I think everyone is missing the parsimonious answer here - the developers know that robots are clearly incapable of lying, and therefore would never click the box.
reCAPTCHA doesn’t require absolutely perfect responses every time - they’re not comparing your answers against a known ‘correct’ answer - they are comparing your responses with responses from other humans.
In the earlier versions that used words from digitised books, you would be presented with one computer-generated piece of text, and one scanned piece - you had to get the computer-generated one right, but for the scanned word:
If you were one of the first to see it, your response would just be accepted
If lots of other people saw it before you, your response would be checked against stats from those earlier answers (but this still might have accepted multiple ‘right’ answers if the scan was unclear and different people had read it differently)

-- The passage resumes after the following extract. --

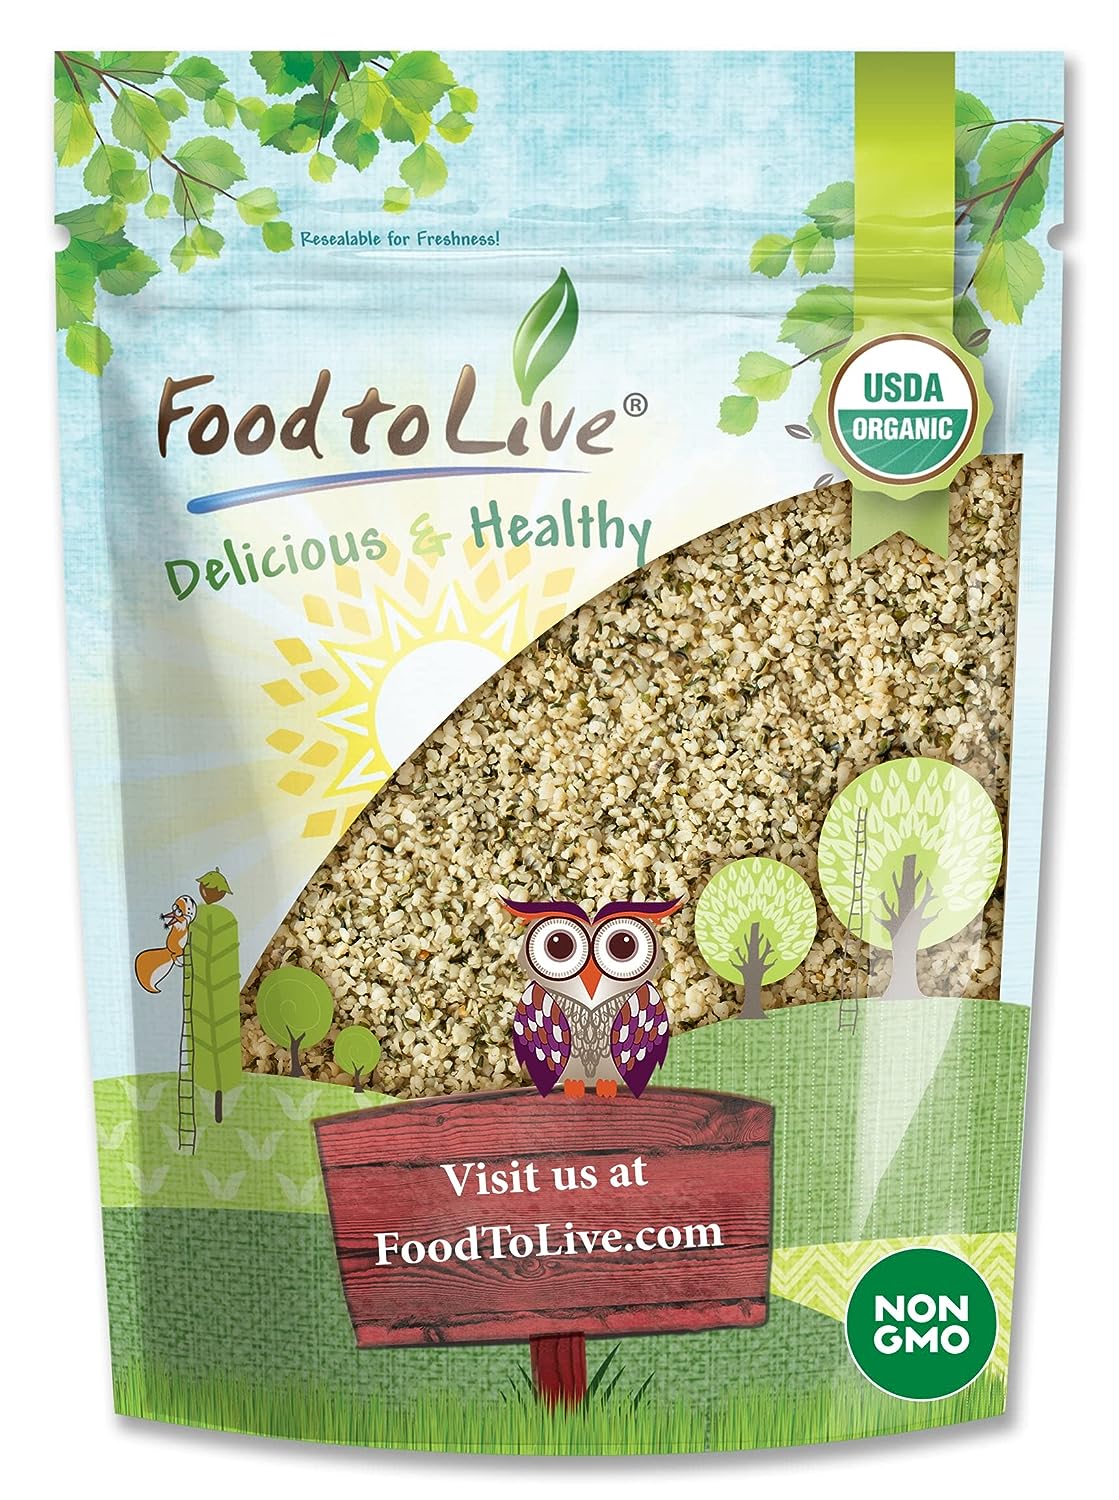 Organic Hemp Seeds - Non-GMO Raw Hearts, Hulled, Shelled, Kosher, Vegan, Bulk, Low Carb, Low Sodium, Good Source of Protein & Iron, Great for Oatmeal, Product of China

For the street signs, I imagine the same is probably true - some of them are probably not real photos (and so their content can be absolutely known by the system) - for those that are real photos, your responses are being evaluated statistically against the herd.
A diligent programmer might sit down and grind through all the variables that the algorithm is juggling, but they would not know whether those variables are all valuable or just random associations. It seems ‘reasonable’ to look at mouse movement speed, but what if the algorithm is factoring in the fourth derivative of mouse x-position modulo the trailing digit of CPU temperature? We may grant that it seems to work to postdict the gender of all the samples used to generate the algorithm, and maybe it even works to predict future samples, but can you explain why it works? If you let the algorithm look at 1000 variables, it might use 50 or 60 or all 1000 in its decision tree when only 10 or 20 are actually causally linked - the rest might just be the result of pouncing on coincidences. On the other hand, maybe what we think of as ‘reasonable’ is misguided, and there is actually some hitherto undetected phenomenon that makes men’s computers run cooler than women’s. That would be mysterious.
With enough data, the spurious correlations should eventually drown in the noise, to the point where, if the algorithm is assigning them any weight at all, it’s only a very small weight. The trick is in knowing when you have enough data to make that happen.
You’re in a desert walking along in the sand when all of the sudden you look down, and you see a tortoise, crawling toward you. You reach down, you flip the tortoise over on its back. The tortoise lays on its back, its belly baking in the hot sun, beating its legs trying to turn itself over, but it can’t, notwithoutyour help. Butyou’renot helping. Why is that?